The Edwardian semi-detached house built around 1905 and located on Blyth Grove in Worksop, was the residence of the Straw family and is now cared for by the National Trust. William Straw moved to the town in 1886 with his brother Benjamin and the two siblings established a successful grocers shop at 130 Bridge Street. The business, marketed as a tea dealer and seedsman as well as grocers, did well for itself, and on 15 September 1896, in Worksop Priory Church, William married Florence Ann Winks, daughter of the prosperous butcher and later councillor David Wall Winks, who owned the butchers across the street from the Straw's Grocery Shop. Having bought out his brother Benjamin in 1889, William was solely responsible for the business, living above the shop with Florence and their three sons, William (Jr) (1898), Walter (1899) and David (1901), who died at around eighteen months old in 1903.

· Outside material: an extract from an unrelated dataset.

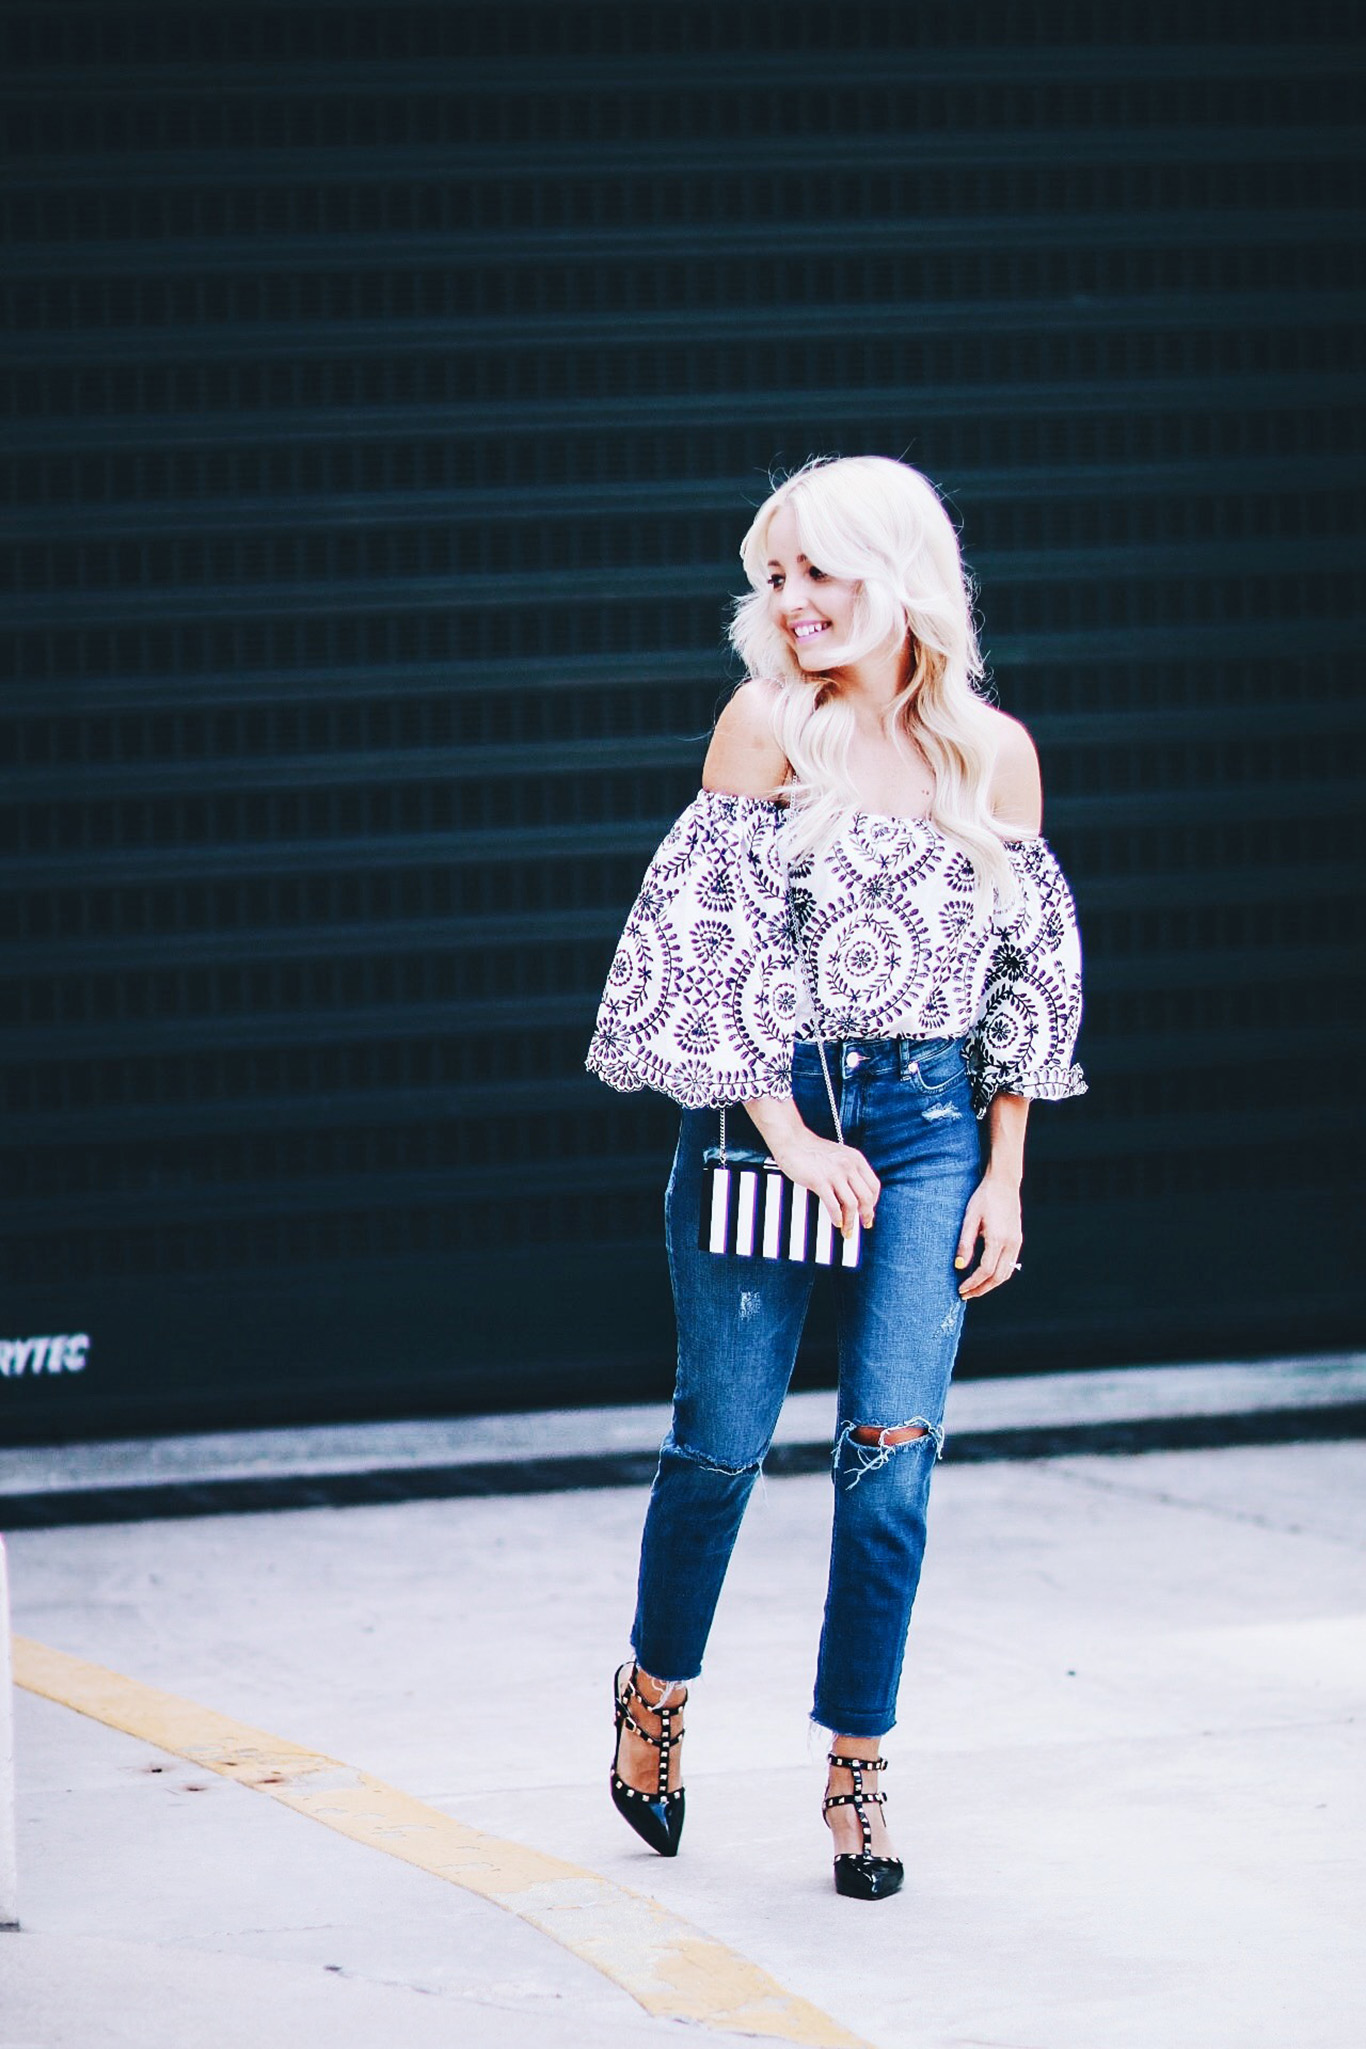 Alena Gidenko of modaprints.com styles an off the shoulder printed top with boyfriend jeans and studded black heels

It was not until 1923 that the family moved out to their new house on Blyth Grove and Florence quickly got to work on the decoration of her new home, choosing the latest wallpapers and carpets to create a fashionable and modern place for entertaining and relaxing. After living at the shop for so long the move to a separate family home was the chance to show off the success of the business. After the death of her husband in 1932 Florence made few alterations to the house, as a Victorian woman in mourning this would have been expected of her and her contemporaries would have found nothing strange about her choice to keep his pipes by the fire and his collar box in the bedroom. When she died in 1939 William and Walter lived in the house together, and their frugal way of living and make do and mend attitude resulted in the house largely avoiding modernisation.

William Jr had spent much of the 1920s and 1930s in London, initially studying English Literature at King's College London before going on to teach at City of London College. Moving home in 1939 he took over the running of the house, while his brother ran the family business until his retirement in 1962. Neither brother married but they both had a variety of hobbies and interests, including archaeology and walking, and were involved in various local societies and their chosen place of worship, St John's.

After Walter's death in 1976 William was alone until he died in 1990, the last few years of his life seeing him frequently in and out of hospital. When he died William generously left his collection of around 30,000 everyday objects from furniture to vintage tins food to the National Trust, along with his money. The family home on Blyth Grove, and the other half of the semidetached property (which William had bought around 1940 and rented out) were left to the last set of tenants. Luckily the tenants sold to the National Trust, enabling the collection to stay in the house just as the Straws lived with it, providing a fascinating glimpse into a forgotten time, clutter and all.

==National Trust ownership==
Though the Straw family took good care of their home William was unable to keep on top of the upkeep in his later years and the time when the property was uninhabited at the end of William's life, saw the cold and damp have an inevitable effect on the property. With these issues resolved and the house rewired it was ready to receive visitors and the doors opened to the public in 1993.

Due to the small scale of the property visits need to be booked in advance as there is a maximum group size of four. The house is open on Thursdays and Fridays, closing for its winter clean at the end of October and reopening in March. The display room and theme changes annually.